What about global ETFs like VWCE?

The same logic applies to global ETFs. VWCE is Ireland-domiciled (IE00BK5BQT80) and benefits from the 15% WHT treaty rate on its US holdings. Since the US represents approximately 64% of the FTSE All-World index, the WHT treaty benefit is significant even for a global fund.

This is one reason why Irish-domiciled UCITS ETFs are generally considered the optimal structure for global equity exposure — the combination of Ireland's extensive treaty network, the UCITS regulatory framework, and the 15% US WHT rate makes them difficult to beat from a tax efficiency standpoint.

What if I already bought a non-Irish fund?

First, check the ISIN. If your S&P 500 holding starts with IE or LU, you're already on the 15% treaty rate — no action needed. Most Irish-broker UCITS lists default to Irish-domiciled funds, so this is the common case.

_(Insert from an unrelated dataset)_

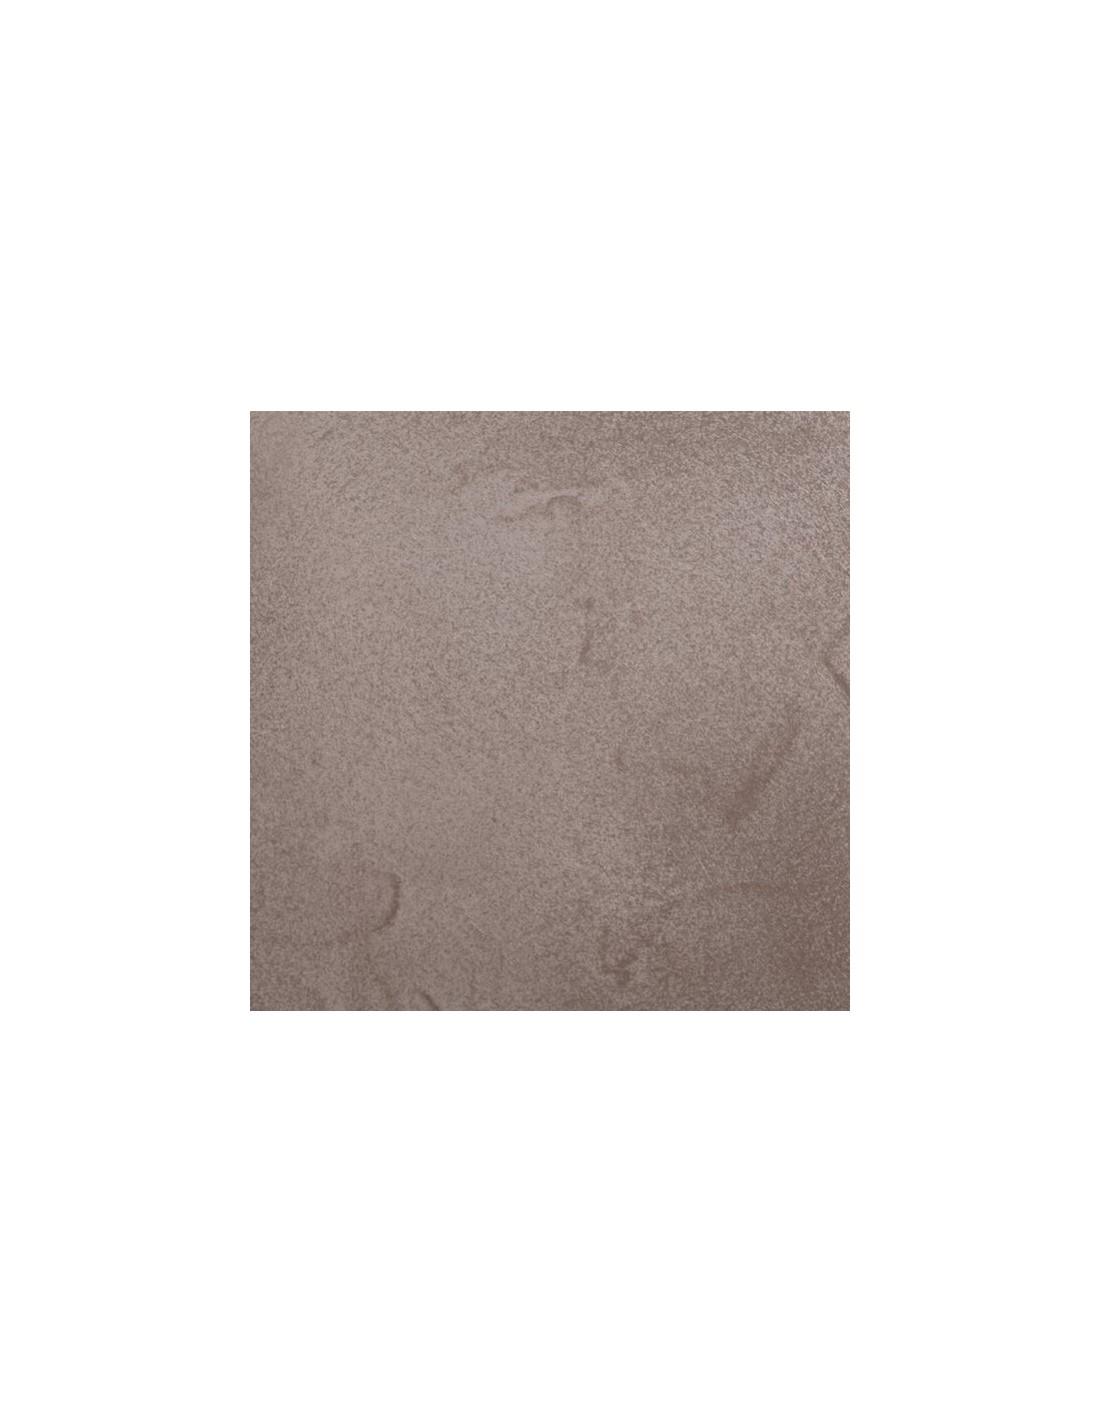 kit beton cire pour salle de bain beton cire pour douche enduit beton pour salle de bain ibeton couleur 10 smoky support beton brut regulier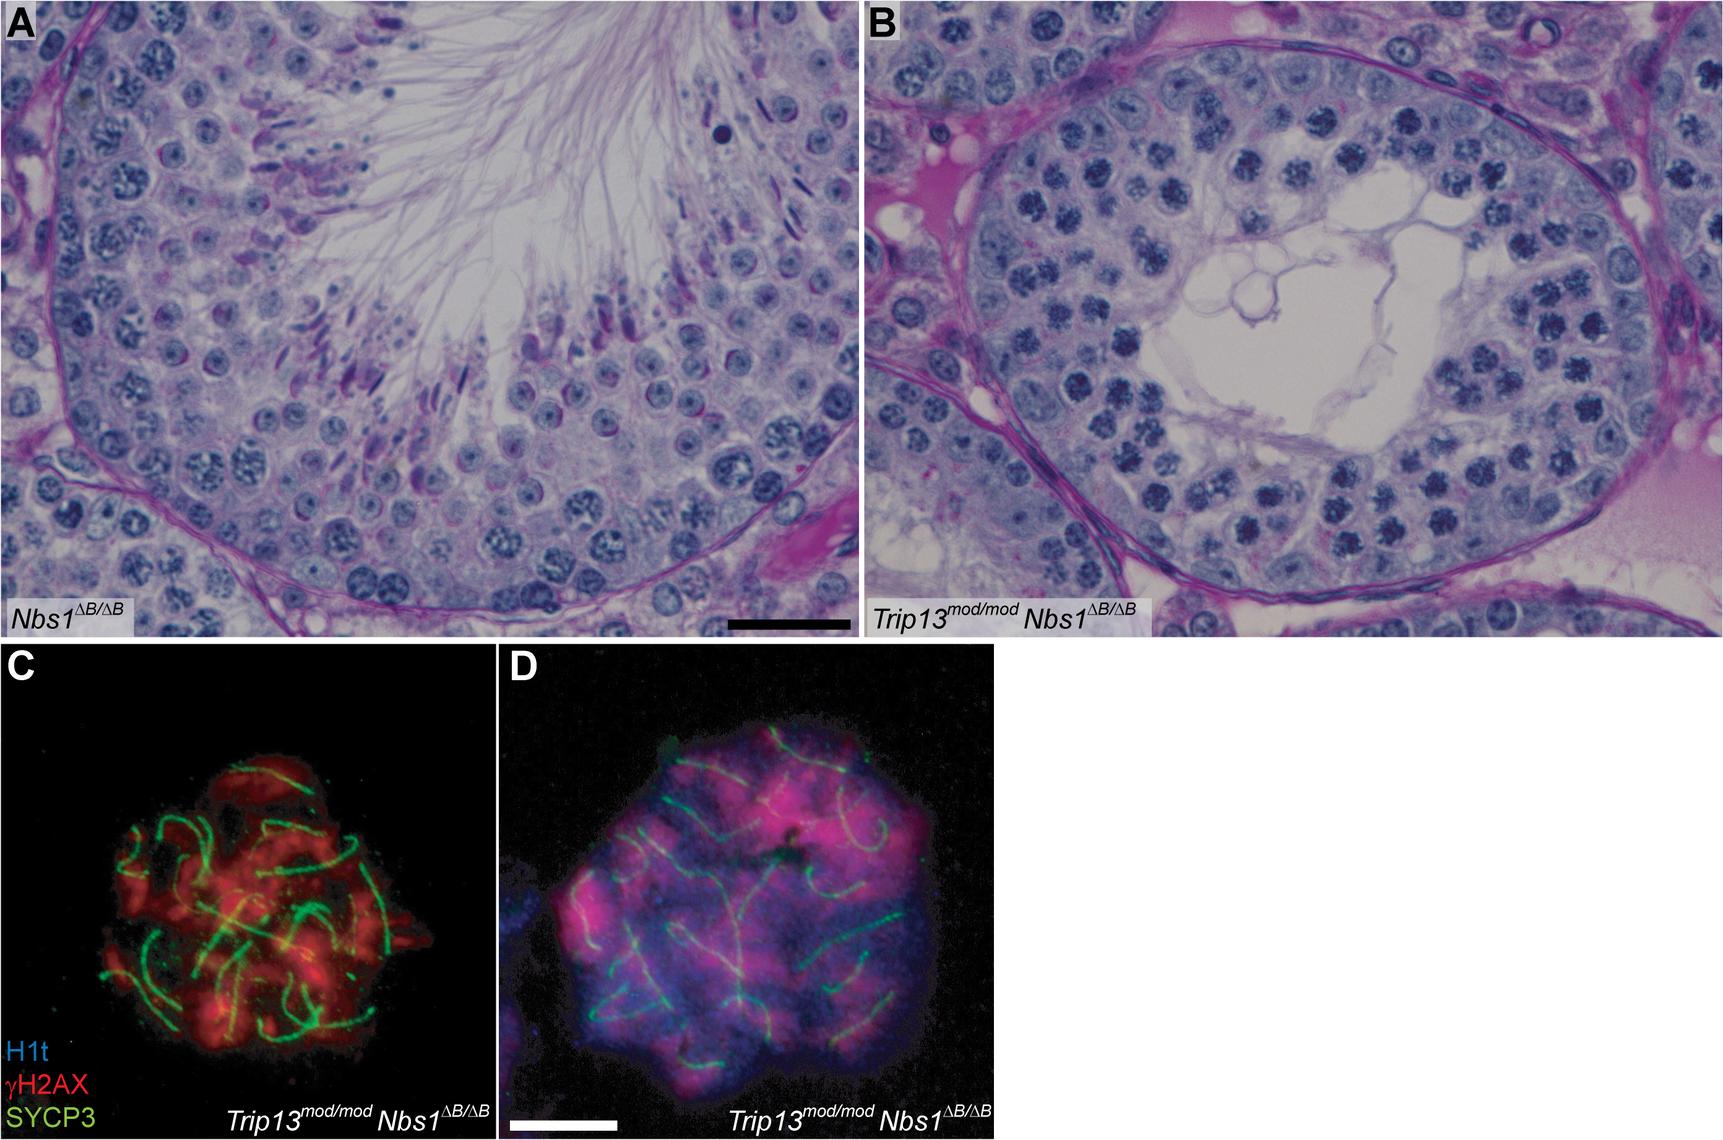 <i>Trip13</i><sup><i>mod/mod</i></sup> <i>Nbs1</i><sup><i>ΔB/ΔB</i></sup> spermatocytes arrest in mid/late pachynema with unrepaired DSBs at epithelial stage IV.

If you somehow ended up holding a US-listed ETF (rare, since most Irish brokers block these), do not panic-sell. Selling crystallises Irish exit tax on the gain. The right move is usually to stop adding to the wrong fund and direct new contributions to an Irish-domiciled equivalent, then reassess at the next deemed-disposal event when a sale happens anyway.

The €22,500 figure assumes a 30-year horizon. If you're 5 years in and discover you've been in the wrong wrapper, the gap to date is roughly €1,000 — meaningful but not catastrophic, and not worth crystallising tax to fix.

Not financial advice. The information on etf.ie is for educational purposes only and does not constitute financial, tax, or investment advice. ETF investing involves risk, including the possible loss of capital. Tax rules may change — always verify current Revenue guidance and consult a qualified financial adviser or tax professional before making investment decisions.